Speaking French

Catharine Higginson's picture

Come and share your tips for learning French or ask a question if you are getting stuck!

Véronique Langlands's picture

Get a book eg 201 French verbs or the like, irregular verbs need to be learnt but once you know them you will be OK, regular verbs follow patterns so if in doubt, ie if you don't know whether a verb is regular or not just stick a regular ending on it, it won't be 'right' but it will probably be comprehensible and your interlocutor will correct you so you will know next time. Just have a go at speaking French, put any amour-propre in your pocket & go for it - we don't care if people make a hash as long as they have a bash. (natty slogan, there - better if it scanned, obviously)

Robert Scotton's picture

Hmmm...interesting....I have the same problem and will look over your shoulder on this one if I may....

Jane Williamson's picture

Thanks a lot. It would be very useful and I will pass it on to my friend who has another group in the Maconnais
Véronique Langlands's picture

I'm so pleased, Jane! :-) I'll keep looking to see if there are any other publishers that might have more titles for you!

Jane Williamson's picture

Hi Veronique, I have ordered five second-hand copies that we can use and annotate.

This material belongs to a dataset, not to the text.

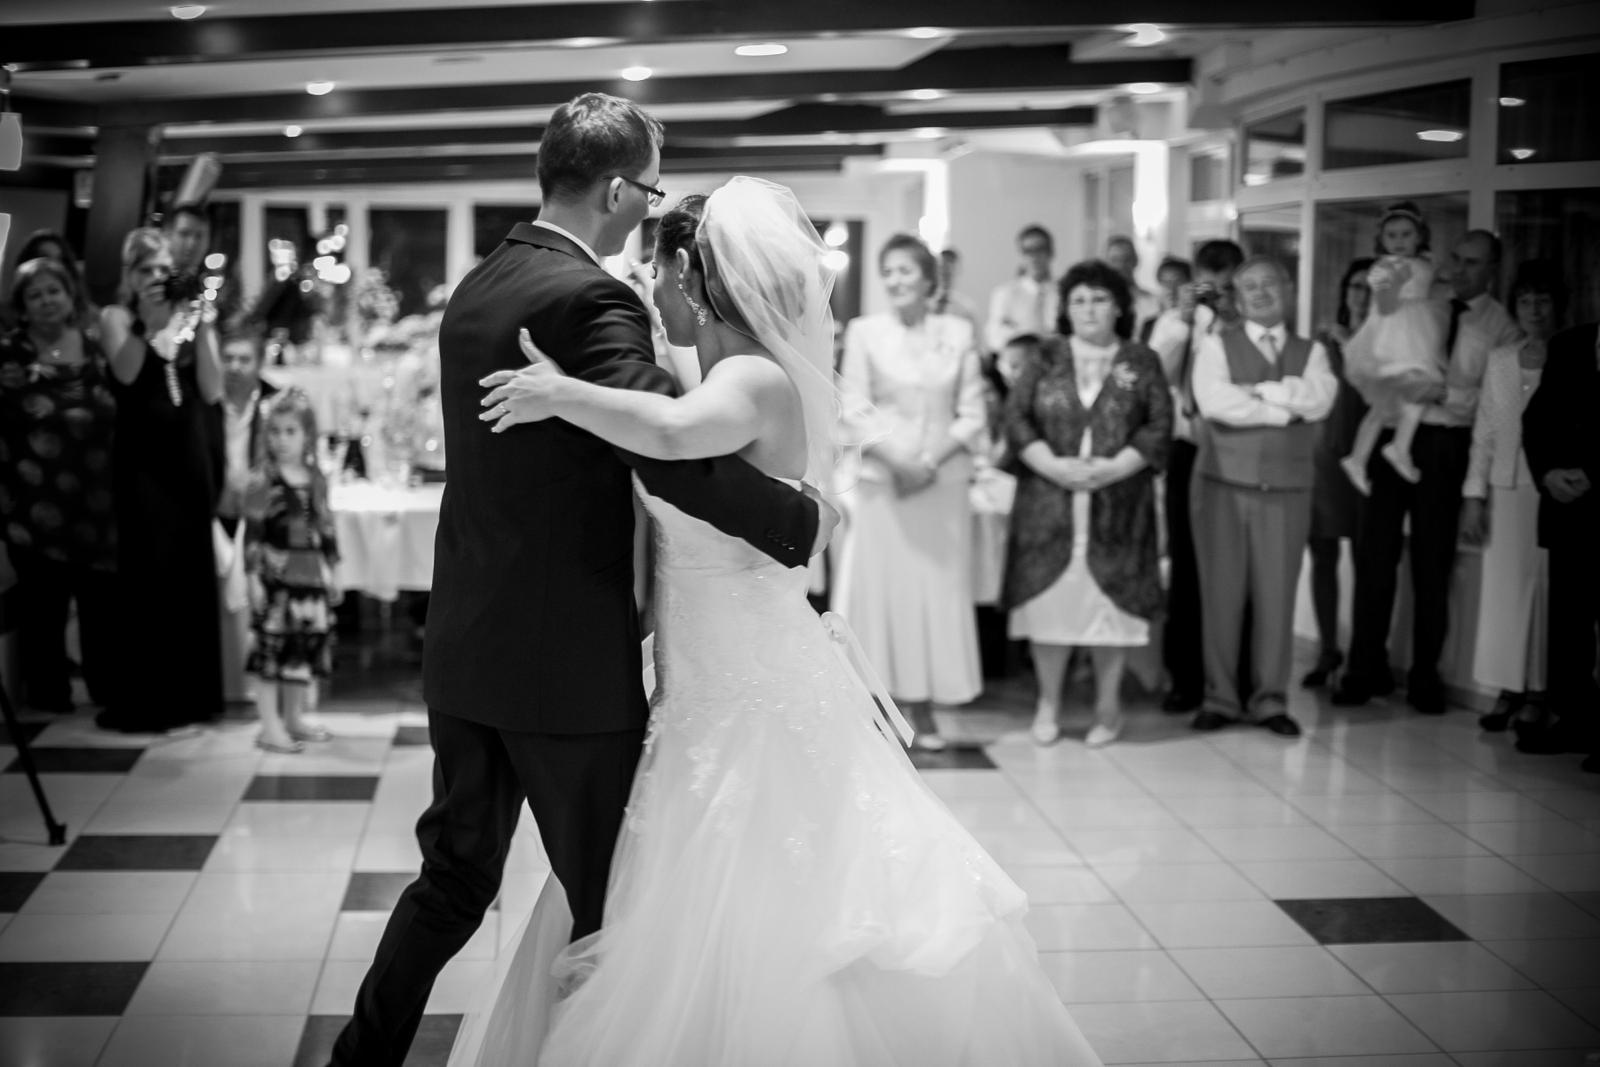 KATKA{{_AND_}} PEŤO Októbrová romanca - Náš manželský tanec

This is an amazing find for our little group, so many thanks.

Jane Williamson's picture

Veronique, this is just what we wanted, thanks. I will order a couple of copies of Julian Barnes, Letters from London.

Véronique Langlands's picture

http://www.folio-lesite.fr/Folio/collection.action?idCollection=431  this link gives you the whole list of bilingual books, obviously not all of them are in English/French there are all the other languages they do as well.

Jane Williamson's picture

Thanks everyone for replying, but we have seen the Penguin Parallel text books and they are not modern books. I will look at the folio Gallimard and go into the bookshop in Cluny.
Véronique Langlands's picture

Ian - en dépit de la date, j'ai répondu ;-)

Ian Gillis's picture

Veronique - thank you for explaining the difference between "malgré" and "en dépit de".J'ai reçu une réponse en dépit de l'attente d'une année!

Angela Ruth McLaughlin's picture

Oh, should have said, that's an answer to the question from Ron Fox about books with both French and English texts. 

Angela Ruth McLaughlin's picture

Penguin Parallel Text, ISBN 0 -14 -003414 - 5

Nouvelles Francaises, Edited by Simon Lee.

Véronique Langlands's picture

Ian - en dépit de isn't quite the same as malgré because there can be an element of judgment (we say en dépit du bon sens but not malgré le bon sens, for example) but they overlap a lot. Malgré is more neutral, I hope this makes sense to you! eg malgré la pluie... (Ok it was raining, no big deal) En dépit de la pluie (it was hurling it down and STILL...)

Véronique Langlands's picture

There's a collection Folio (Gallimard) of bilingual books and probably others as well - if you go to a good bookshop they will probably have them in the bit for educational purposes rather than with their other paperbacks. Ask them to give you a catalogue of all the publishers who do them & then you can choose.

Ron Fox's picture


I have seen books in English on the left hand page and French on the right hand page; they were being sold in a bookstore on Blvd. Montparnasse So, they exist.

Jane Williamson's picture

Can anyone tell me if they have come across bilingual books for adults and if so, where they found them?

We are a group of English and French ladies who meet every Monday morning in the Clunysois to improve our language skills.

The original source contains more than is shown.